Then the government release a guide for health professionals about interpreting PCR test results and it seems, pretty clearly, to throw up some pretty huge questions. It opens the door to questioning the majority of test results, does it not?
that’s not to say those results are all wrong, but it is saying that they cannot be taken to be right, either, without clinical context and evaluation of the person.
Yet nobody is interested? It’s not in the media, and nobody, absolutely nobody on here has a comment on it? No matter which side of the debate you sit on, surely you can acknowledge that this is interesting? Why is this ignored, given the potential implications of what it says?
Why does it all have to be so black and white - you believe everything and question nothing and you are a good citizen
Test works, but people can interpret results wrong, very easily, but an example below of why this can happen for positive cases in the UK:
Cases went up, then more people died
Cases went down, then less people died
Cases stayed flat, deaths stayed flat/ reduced slightly
Cases went back up, then more people died
The cases have predicted the deaths for 8 months in the UK (case relies on positive test, so test works, that's put that to bed)
A problem we have is people should not look at the death/ case graphs if they're not skilled with numbers, basic example:
Timeframe 1: 10 deaths, 10 cases
Timeframe 2: 10 deaths, 100 cases
Looks like it got weaker right? Or the test has changed right? Nope.
Timeframe 1: 10 deaths, 50 cases (only found 50 cases as we only tested 100 people, there was actually 1000 cases)
Timeframe 2: 10 deaths, 100 cases (only found 100 cases as we only tested 500 people, there was actually 1500 cases)
Ahh, but now it got weaker right (10 deaths v 1000 cases) or (10 deaths v 1500 cases), or the test has changed right?
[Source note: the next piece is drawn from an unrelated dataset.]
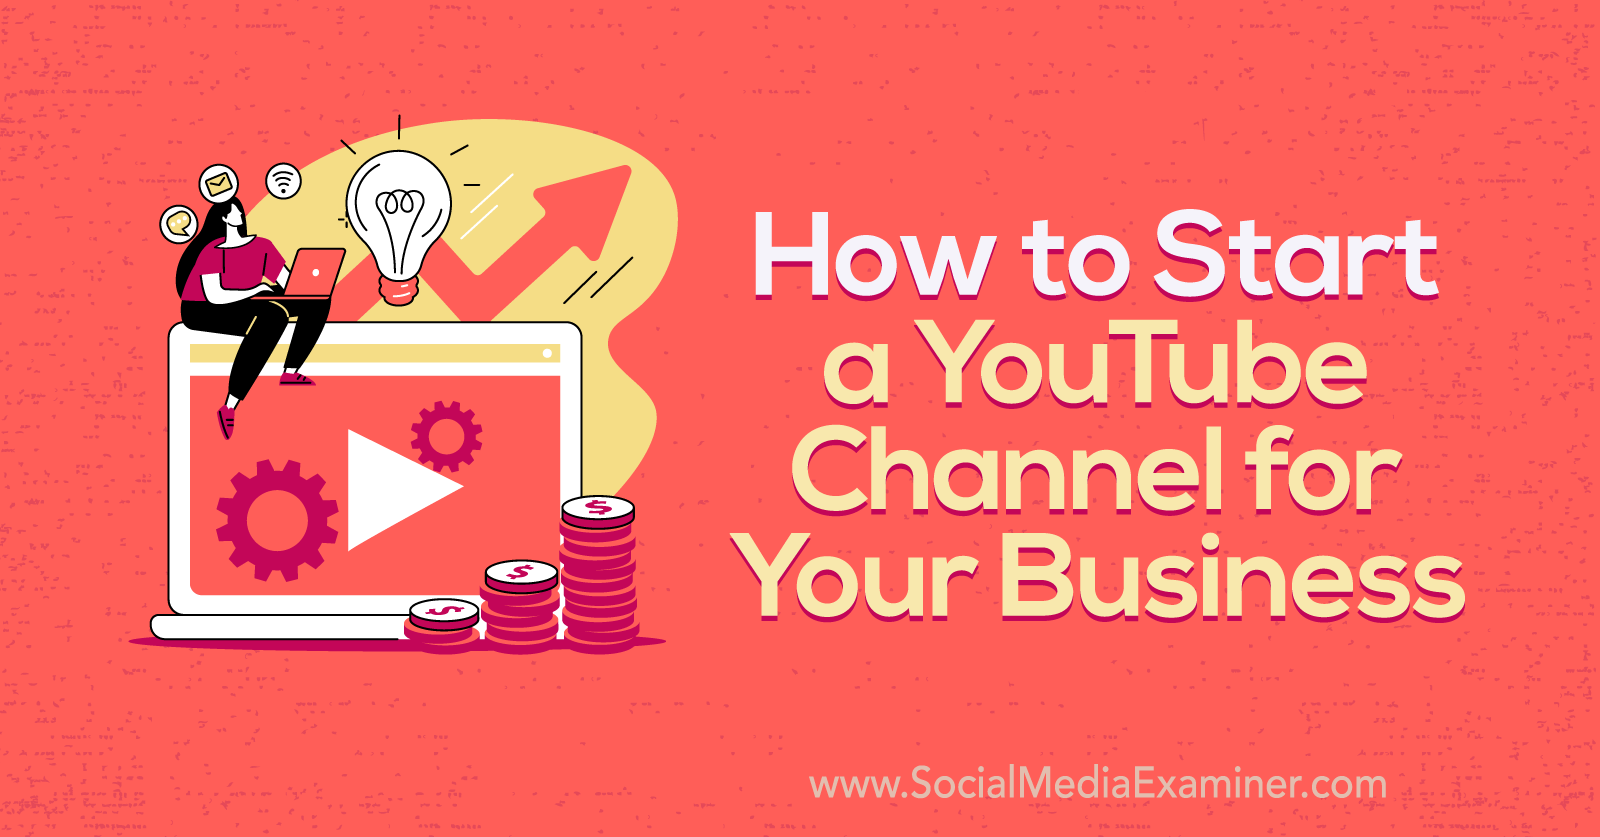 How to Start a YouTube Channel for Your Business-Social Media Examiner

Nope.
Scenario 1: 10 deaths, 50 cases (only found 50 cases as we only tested 100 people, there was actually 1000 cases, 100 nurses, no gear, no experience)
Scenario 2: 10 deaths, 100 cases (only found 100 cases as we only tested 500 people, there was actually 1500 cases, 100 nurses, some gear, some experience))
So the tests didn't get worse, we just got better at detecting the cases, and got better at treating the cases.
Problem is all of that cannot be shown on one graph, but people look at the graph and don't get why we had more deaths before from "less cases" and now have less deaths from "more cases". We don't have more cases, we have just found more of the cases, and the cases we do get, we know how to treat better and have more resources to treat them better (for now).
What we've not got better at is stopping the cases/ deaths (too slow to react to increases)
What we've not got better at is tracking and tracing the cases/ deaths
Is it perfect? No
Does it need to be perfect? No
Has the quality of the test changed? No
Has the amount of tests per expected case increased? Yes
Does this effect how we interpret the data? Yes
Does it mean the test doesn't work? No
The test could be 50% accurate and it would still be fine for planning a response, if you knew it's accuracy was 50%. Obviously it's more accurate than this, and the more accurate the better.